I'm new to this forum and also relatively new to photography (about 1 year). I'd post this in the begginners forum but I'm afraid my question is more suited for advanced level photographers. . .

I have a Canon 40D with a 18-55 IS lens and need help photographing my Christmas Tree! From what I hear this is a very difficult thing to do properly. I tried for over an hour last night with various WB/aperature/shutter speed settings without much success. Basically I have a 8 foot tree in my living room all decorated up. I've got about 1400 icicle white and blue LED lights (yes it's bright). I can't figure out what settings to use to get the optimal photograph. The main problems i'm having are that the blue lights are turning out purple and washed out (kinda over exposed) and the rest of the tree is completely underexposed.

I've tried all the different W/B settings (asides from changing the Kelvin or white balance shift). And I just can't seem to get the blue to show up blue. Even when just trying to take a close up photo of some of the blue lights only, it always shows up a shade of purple. I've tried it with or without back lighting. Optimally, I'd like to take the photo without backlighting and the tree is already pretty bright, but I realize I might need some to show the details of the branches. 

I've heard of this thing called HDR (combining multiple photos using photoshop?), but have no idea how to do it (although I do have photoshop CS4 and would be willing to try if that's what it takes). 

Any help would be appreciated.

PS: of course i'm using a tripod ;P


----------



## Derrel (Dec 11, 2009)

I would try setting the white balance to Incandescent, with a slow shutter speed like 1/2 to 1/4 second, lens at f/4, ISO around 800. A fairly small "pop!" of electronic flash will help illuminate the tree, which itself is quite dark. You can adjust the flash one of two ways, but you are actually in a situation where you need to make two exposures; one for the lighted lights, which is done by a combination of ISO, shutter speed, and aperture, and the flash exposure which is created by the combo of ISO, flash power level, and the lens f/stop in use; on the flash exposure, the shutter speed is largely irrelevant.

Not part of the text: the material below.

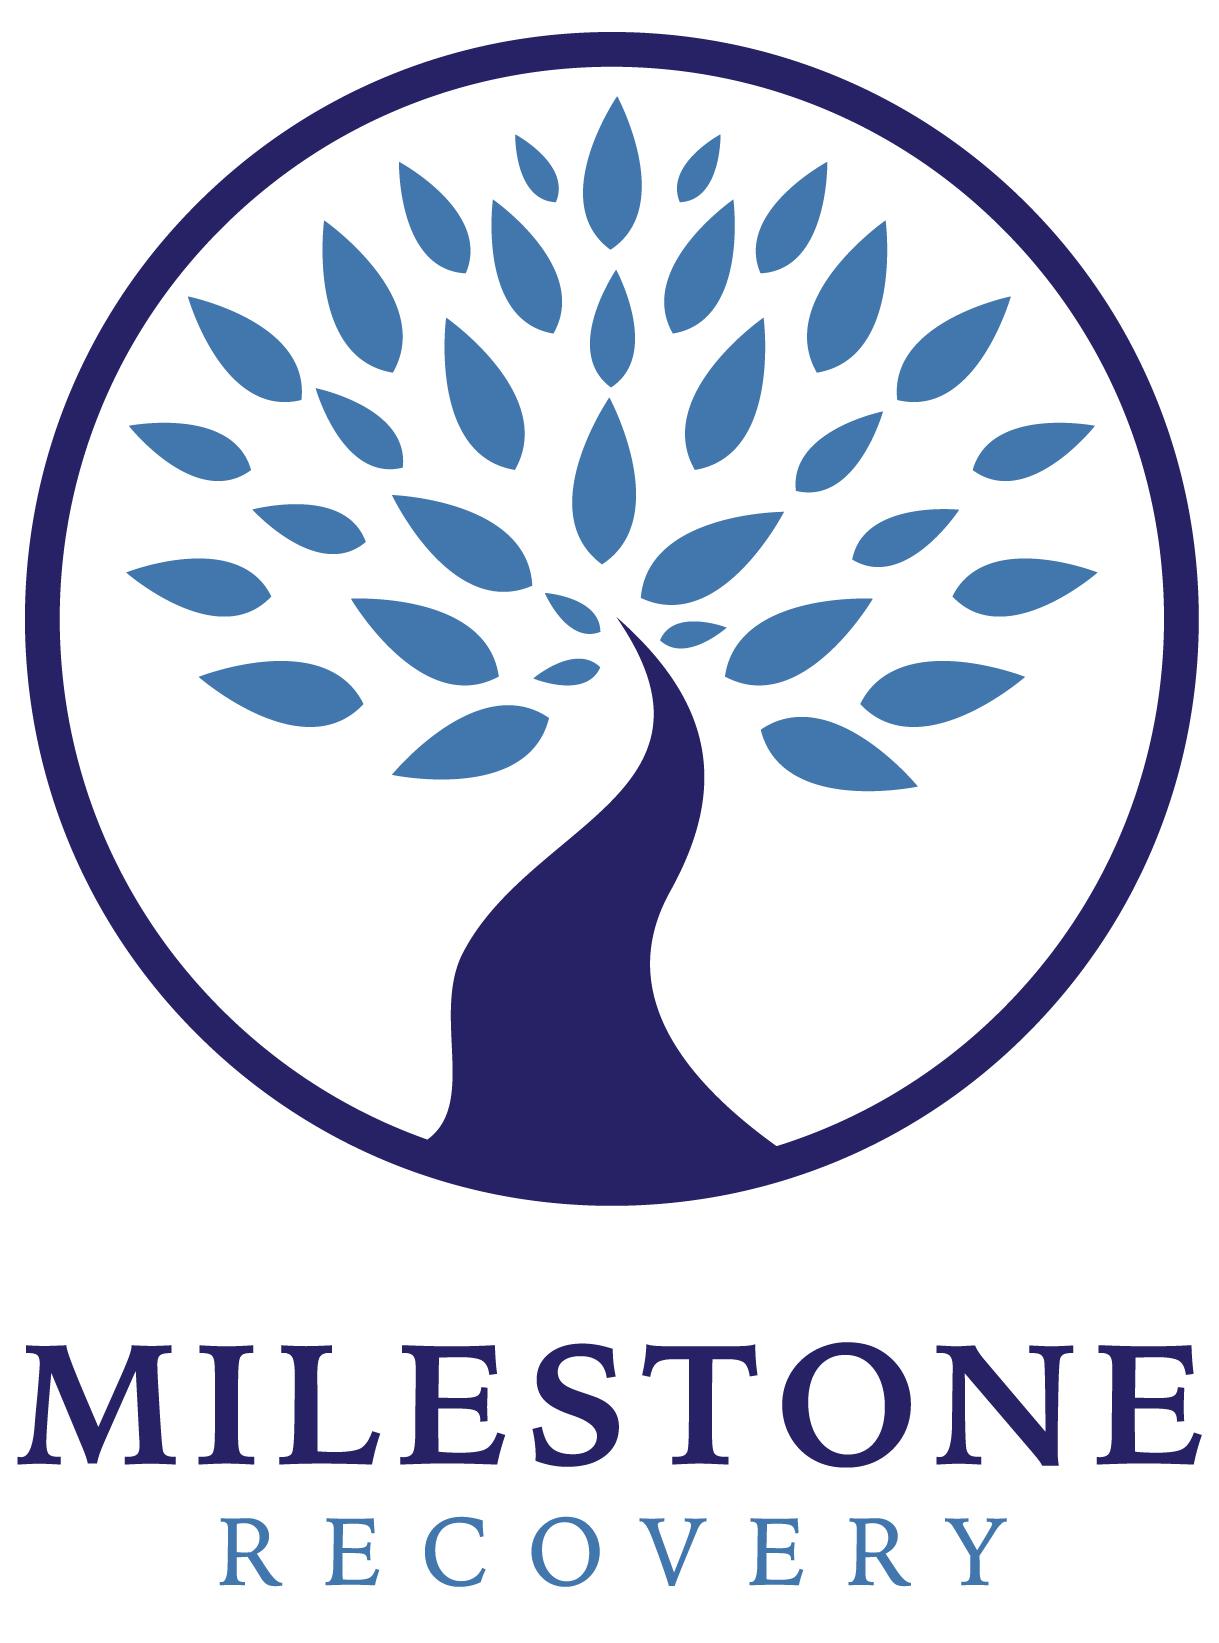 Milestone Recovery

The problem occurs that when in most programmed or automatic mode, the flash popping up will cause the shutter speed to default to 1/60 second or even faster.

As far as purple rendering as blue and vice-versa...purple is a difficult color for many digital sensors to render accurately; I have a purple gel that photographs as blue. I think maybe the WB adjustment to Incandescent will help with that.


----------



## Pugs (Dec 11, 2009)

Try figuring out what settings to use to properly expose the lights (even if that leaves the tree underexposed).  Once you have the lights properly exposed, try those settings but also use a flash to expose the tree.  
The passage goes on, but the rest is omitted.